A structured set of objections, weighed in public.

Desk editor's note, referee report, simulated authors' rebuttal, and a circularity audit. Tearing a paper down is the easy half of reading it; the pith above is the substance, this is the friction.

Referee Report

3 major / 2 minor

Summary. The paper introduces LimeCross, a training-free context-conditioned framework for text-based editing of user-selected RGBA layers in layered images. It employs a bi-stream attention mechanism to incorporate contextual cues from unchanged layers, thereby preserving illumination, contact, and structural consistency while explicitly maintaining layer integrity to avoid leakage. The work also presents LayerEditBench, a benchmark of 1500 paired layered scenes, along with protocols for assessing edit fidelity and alpha stability, and claims superior layer purity and composite realism relative to strong baselines.

Significance. If the quantitative claims hold under rigorous evaluation, the framework would offer a practical advance for non-destructive layered editing in creative pipelines, reducing reliance on flattening-then-redecomposition approaches that introduce artifacts.
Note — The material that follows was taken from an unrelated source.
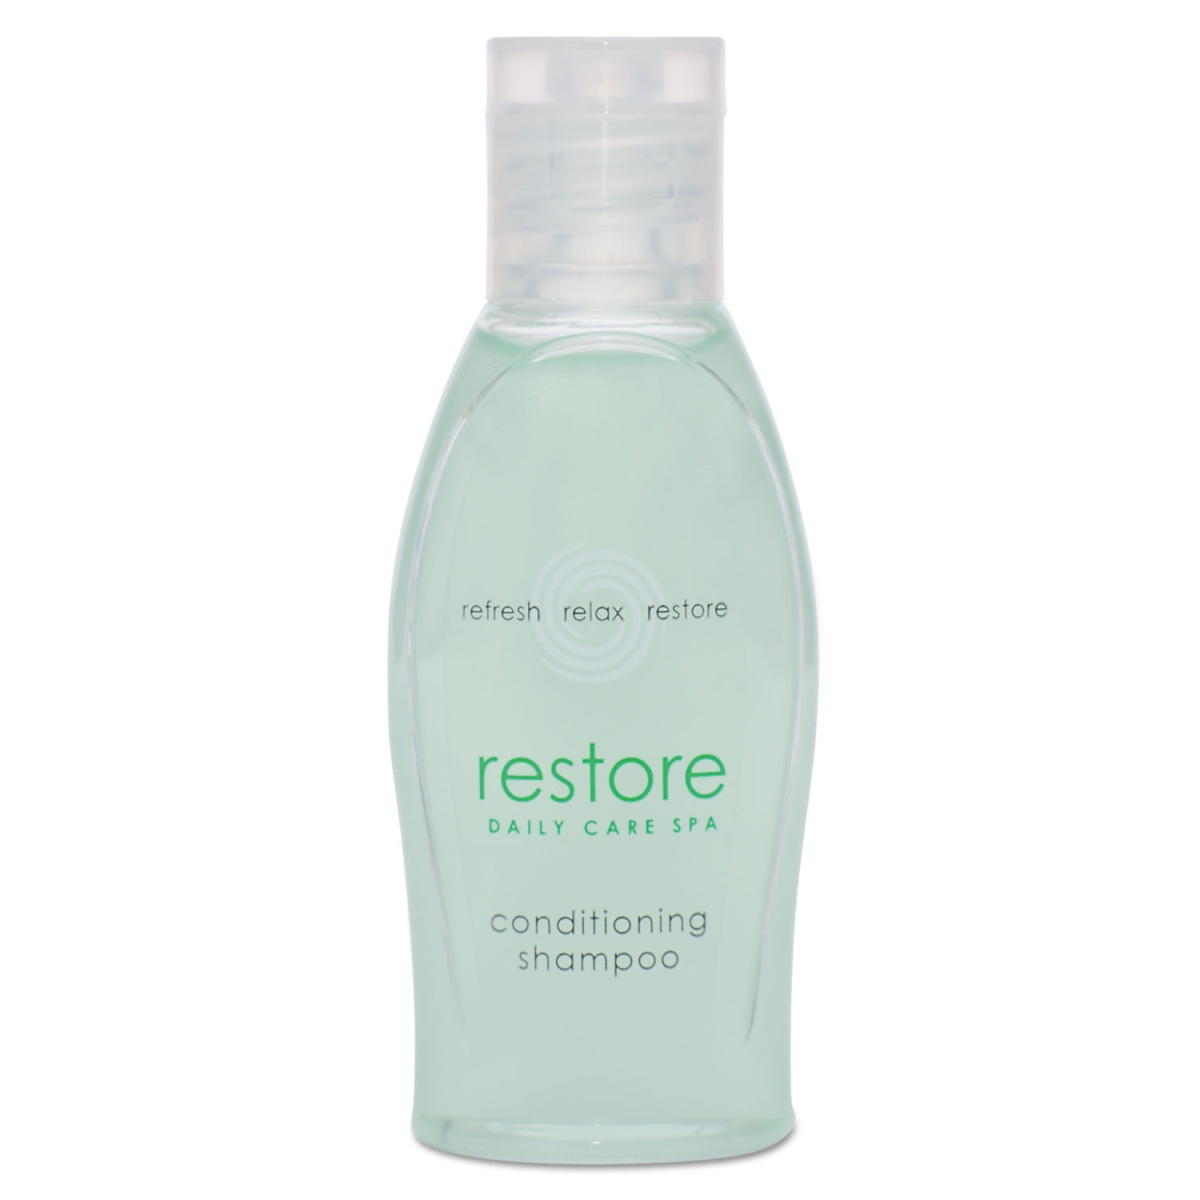 06026 1 Oz Bottle Restore Conditioning Shampoo Aloe Clean Scent - 288 Per Case

The training-free design and new benchmark could serve as a foundation for further research in controllable generative composition, provided the bi-stream mechanism generalizes without task-specific tuning.

major comments (3)
  1. [§3] §3 (Method): The bi-stream attention mechanism is presented as the core component for extracting and applying cross-layer contextual cues to preserve illumination and contact consistency, yet no equations, pseudocode, or implementation details are supplied for how the two streams interact or how attention weights are computed. This directly bears on the central claim, as the weakest assumption is that this mechanism reliably avoids new artifacts without training.
  2. [§4] §4 (Experiments): The abstract asserts improvements in layer purity and composite realism over baselines on LayerEditBench, but the provided text supplies no specific metrics, tables, error bars, ablation studies, or statistical tests. Without these, it is impossible to verify whether the reported gains are attributable to context conditioning or to other factors, undermining the evaluation protocols' ability to support the framework's superiority.
  3. [§4.1] §4.1 (Benchmark): LayerEditBench is introduced with 1500 scenes and paired prompts, but the construction details (e.g., how source/target pairs ensure controlled variation in illumination/contact while isolating edit effects) are not described. This is load-bearing because the benchmark is used to establish the principled nature of context-conditioned editing.
minor comments (2)
  1. [Introduction] The introduction could more explicitly contrast the proposed approach with prior layered decomposition methods (e.g., by citing specific failure modes like transparency instability) to better motivate the bi-stream design.
  2. [§2] Notation for RGBA layers and the distinction between edited and context layers should be formalized early (e.g., via a consistent symbol table) to improve readability of the pipeline description.

Simulated Author's Rebuttal

3 responses · 0 unresolved

We sincerely thank the referee for their thorough and constructive feedback. Their comments have identified key areas for improving the clarity of our method, the rigor of our experiments, and the description of our benchmark. We address each point below and indicate the revisions incorporated into the updated manuscript.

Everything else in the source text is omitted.